Michel Hausmann is a Venezuelan-born theater director, writer, and producer. He is the co-founder and artistic director of Miami New Drama, the resident theater company and operator of the Colony Theatre in Miami Beach. Under Hausmann's leadership, the company has produced over a dozen productions - nine of them world premieres. Michel Hausmann also started Miami New Drama's educational program, which serves more than 8,000 students annually and provides online programming for people across the United States and internationally - offering master classes on a variety of different theater topics such as acting, playwriting, directing, and theater management.

Biography 
Hausmann is of Jewish descent, and was born and raised in Caracas, Venezuela. After graduating from Emerson College in Boston, Massachusetts with a BA in film, Hausmann returned to Caracas. Once back, he founded his first theater company, Palo de Agua, in 2003 alongside executive producer, Yair Rosemberg. Under their leadership, Palo de Agua became an award-winning theater company. Its production of Jesus Christ Superstar was seen by over 170,000 people.
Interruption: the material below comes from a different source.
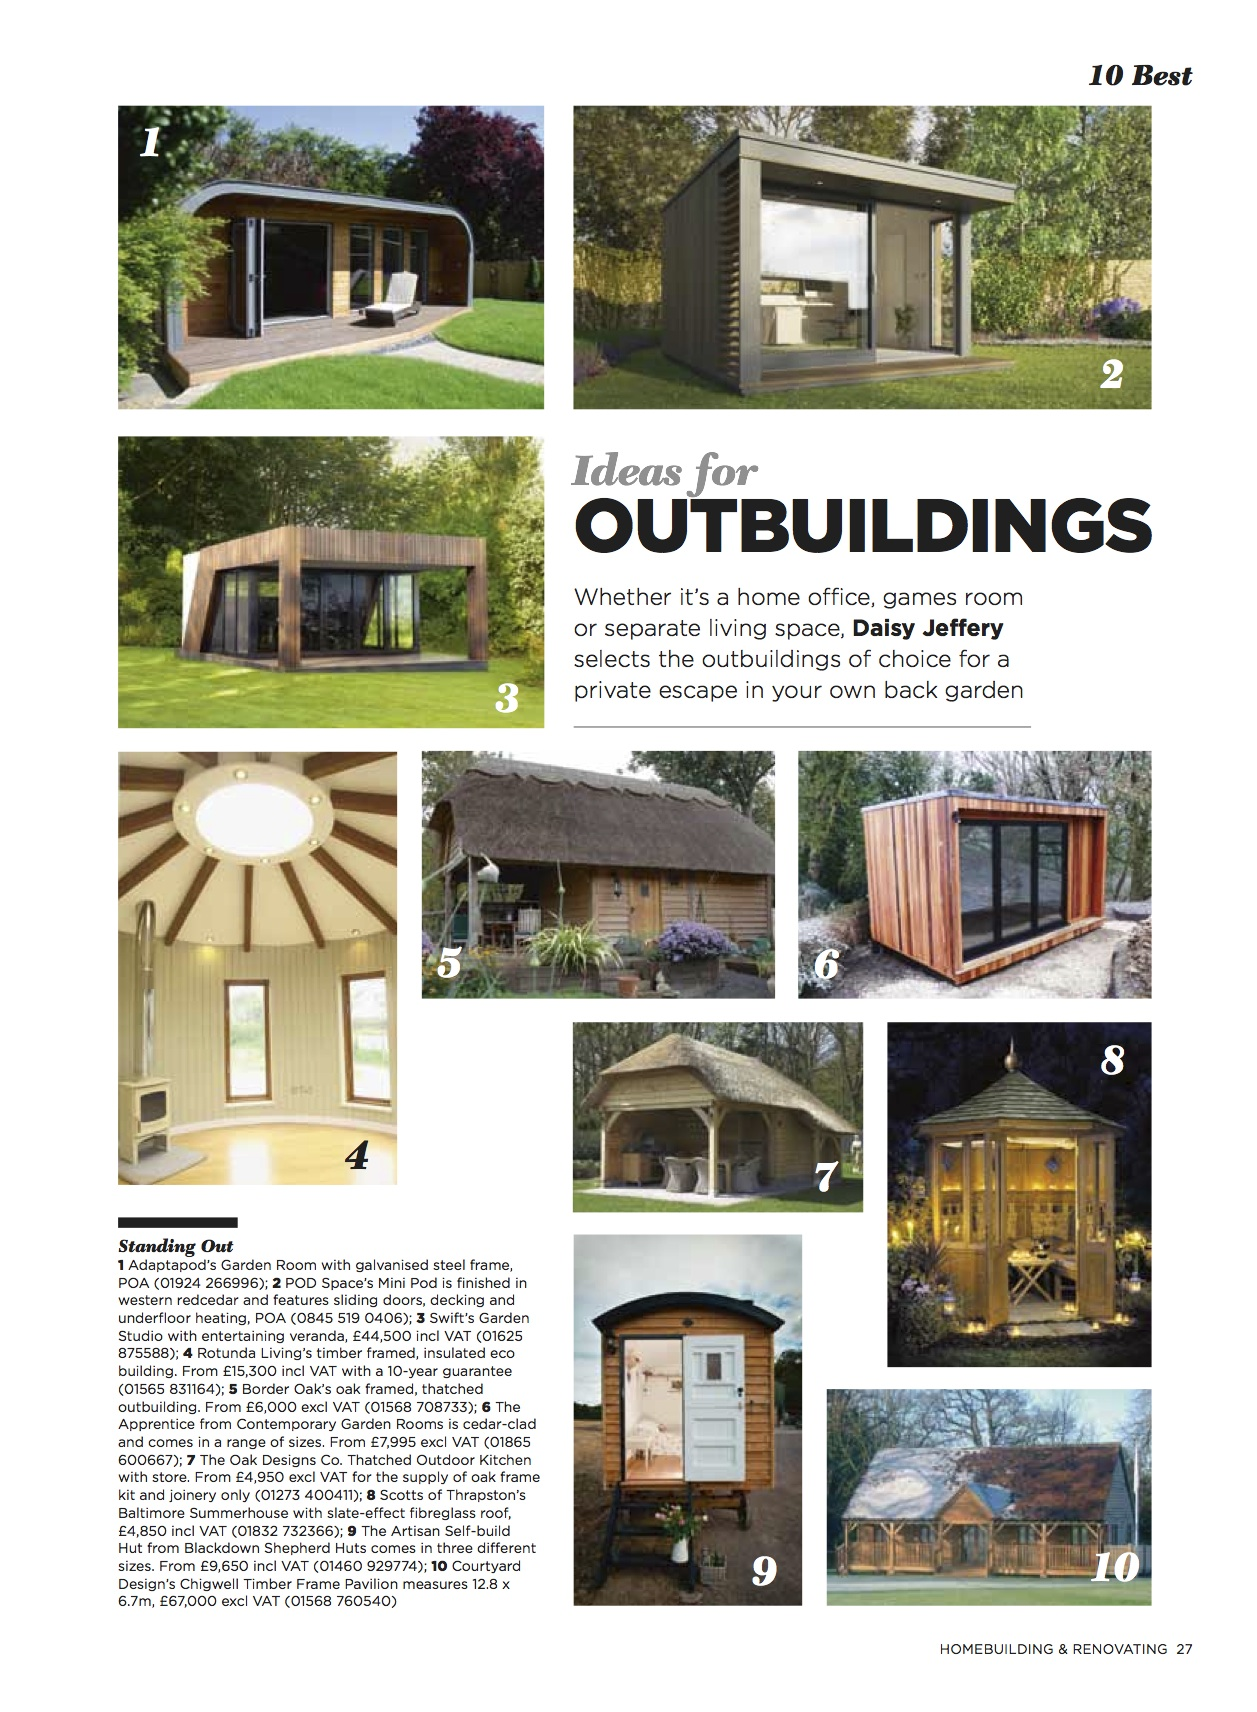 10 Best Outbuildings (1).jpg

Following an attack by the Venezuelan government during the production, Michel Hausmann left Venezuela and moved to New York City to pursue an MFA in Directing at Columbia University. While at Columbia, Hausmann studied under renowned directors such as Anne Bogart and Gregory Mosher, among others. His thesis play, The Golem of Havana, played at La MaMa Experimental Theatre Club in 2013 and went on to have its world premiere at Barrington Stage Company in 2014.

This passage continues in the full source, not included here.